Eaglewrangler, we are of a kind… and everyone like us.. is just like us… so we can not hire someone like us… which is what we all need… clones of ourselves. So instead.. I take what I can get, and glean as much use out of every assistant until they end up leaving. It is all about respect, loyalty, and passion… and then money f**ks it all up.

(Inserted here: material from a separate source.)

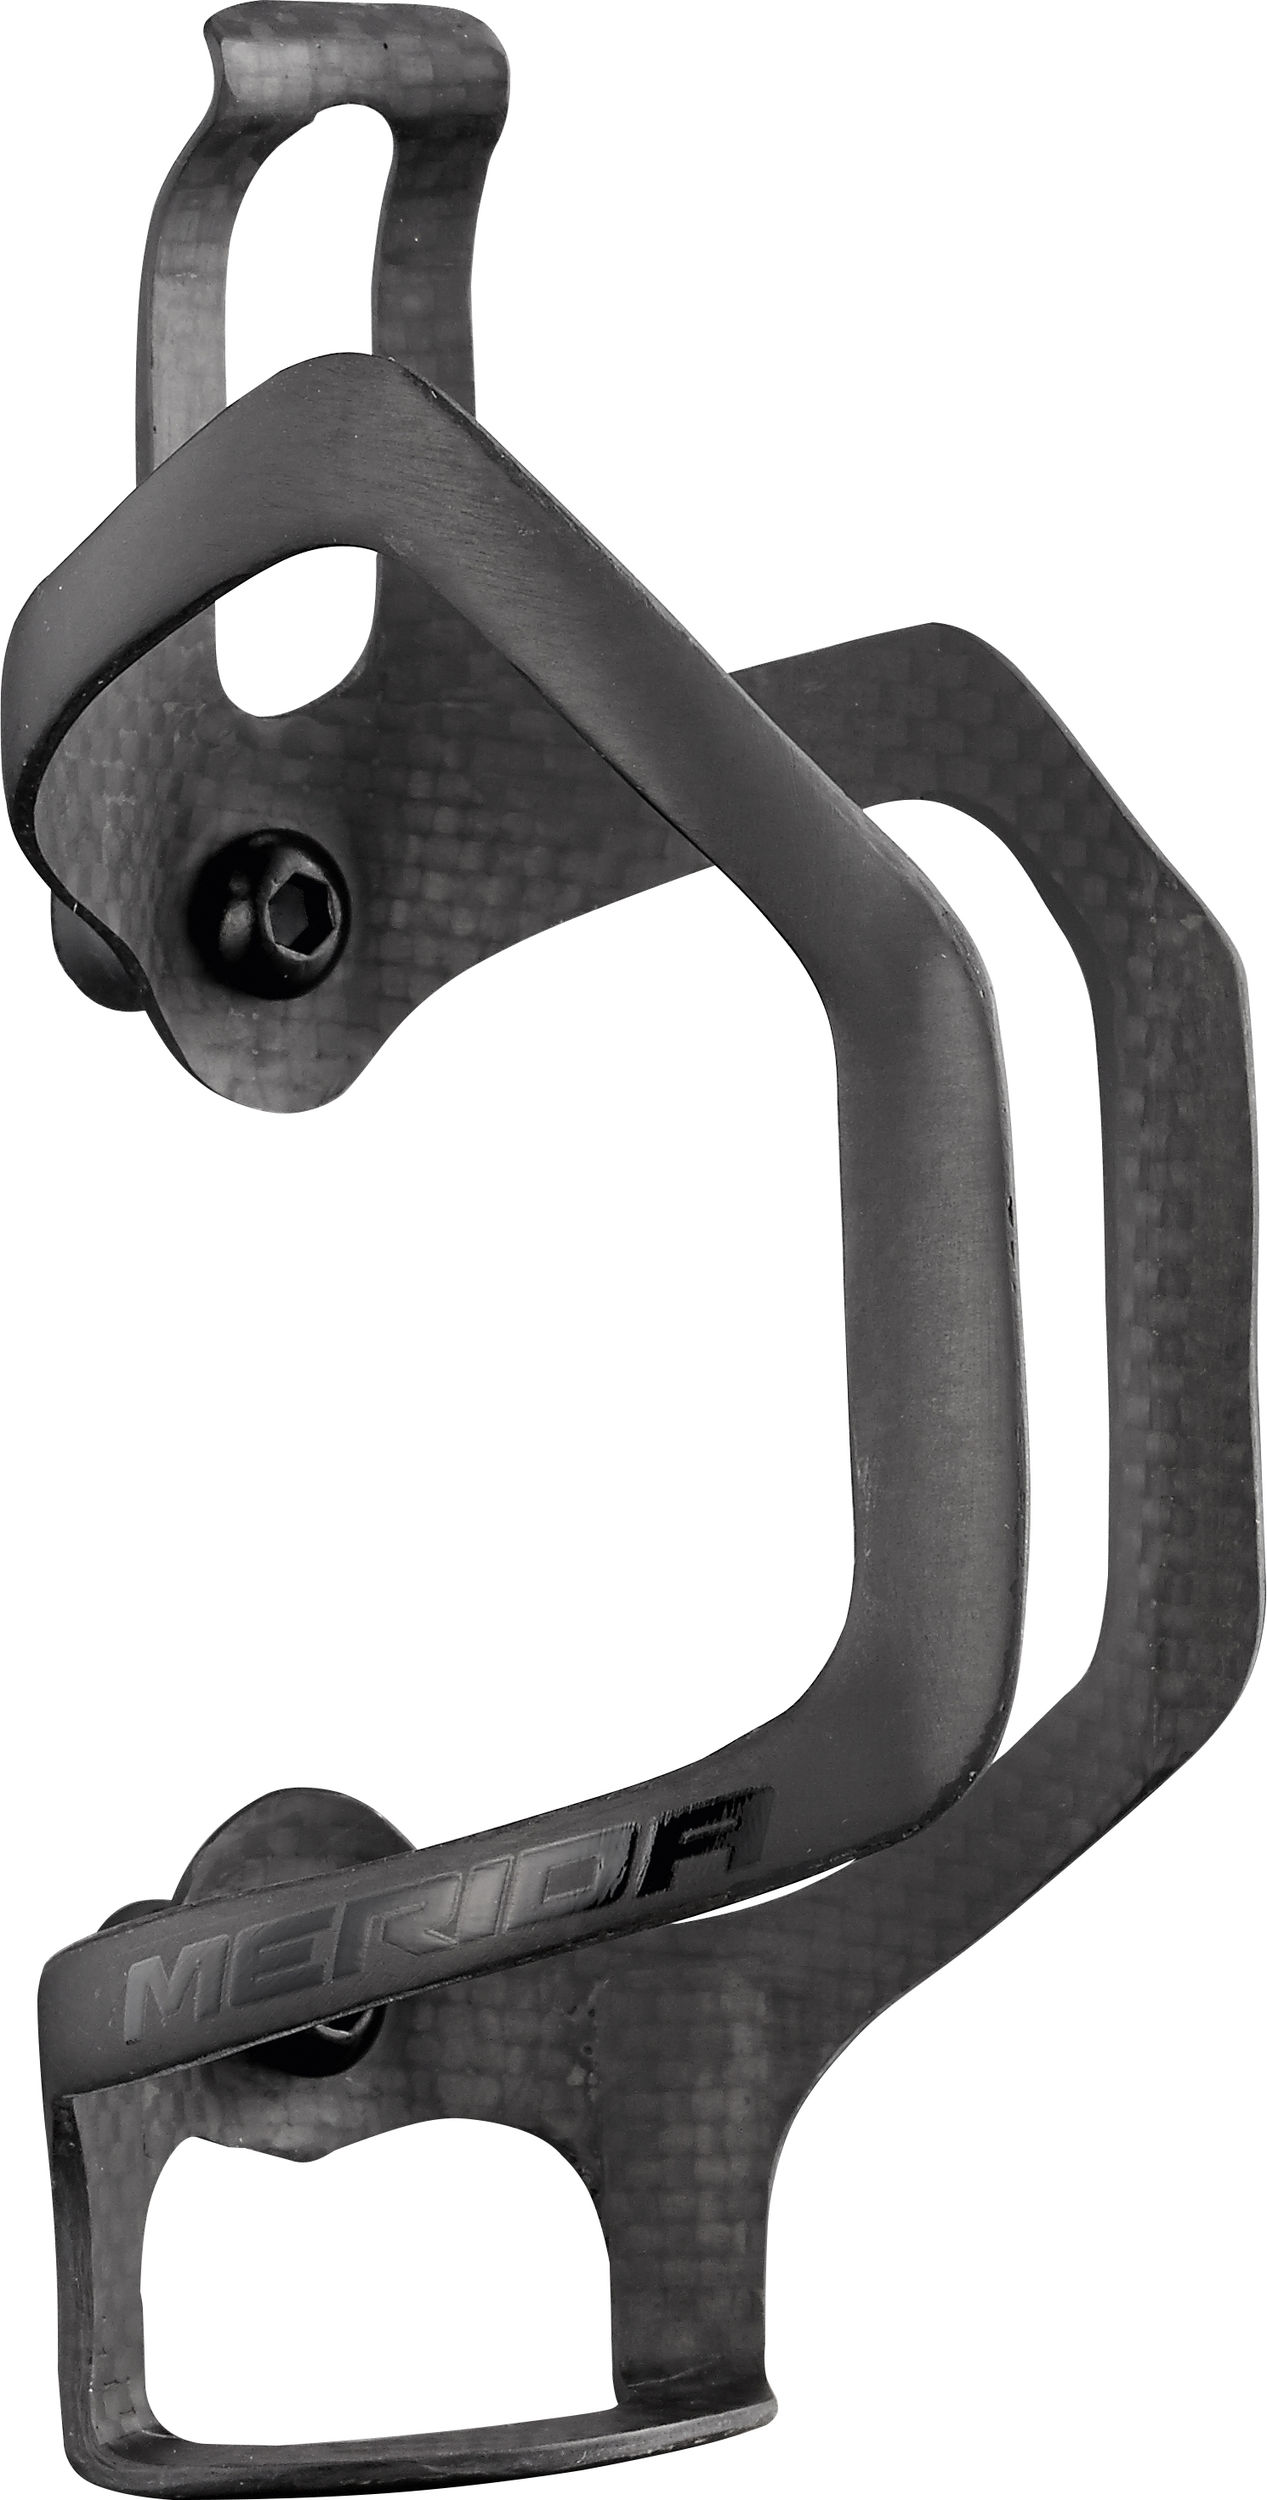 side load clamp seatpost

My studio can earn money.. however much money as we can make things. If the right person understands this and works hard, we can earn even more money doing what we love and then they can earn more money working for me. This philosophy got me here and I can take someone with very easily.. but no one wants to make the sacrifice to get more than they had before.. everyone wants it given to them as if they deserve it. I worked my butt off for all I have and came from a very very poor family. MY parents are proud of me, and honor all the sacrifices I have made to get to where I am. I would have loved help when I was younger.. I am ready to help someone.. but I can't find that younger me, who believes in hard work, sacrifice, and loyalty.. and wants something more than just money!!


----------



## Puzzleman (May 4, 2010)

Is there a reason that some are focusing on hiring a younger worker?

I hire older people. My pay rate is low compared to the numbers that are being thrown about. I look for retirees and stay at home parents and people on disability. They don't want to work 40+ hrs a week anymore but if you get several people, you can cover all of the work. A senior who is interested in woodworking as a hobby, might just LOVE this position but doesn't want full time anymore.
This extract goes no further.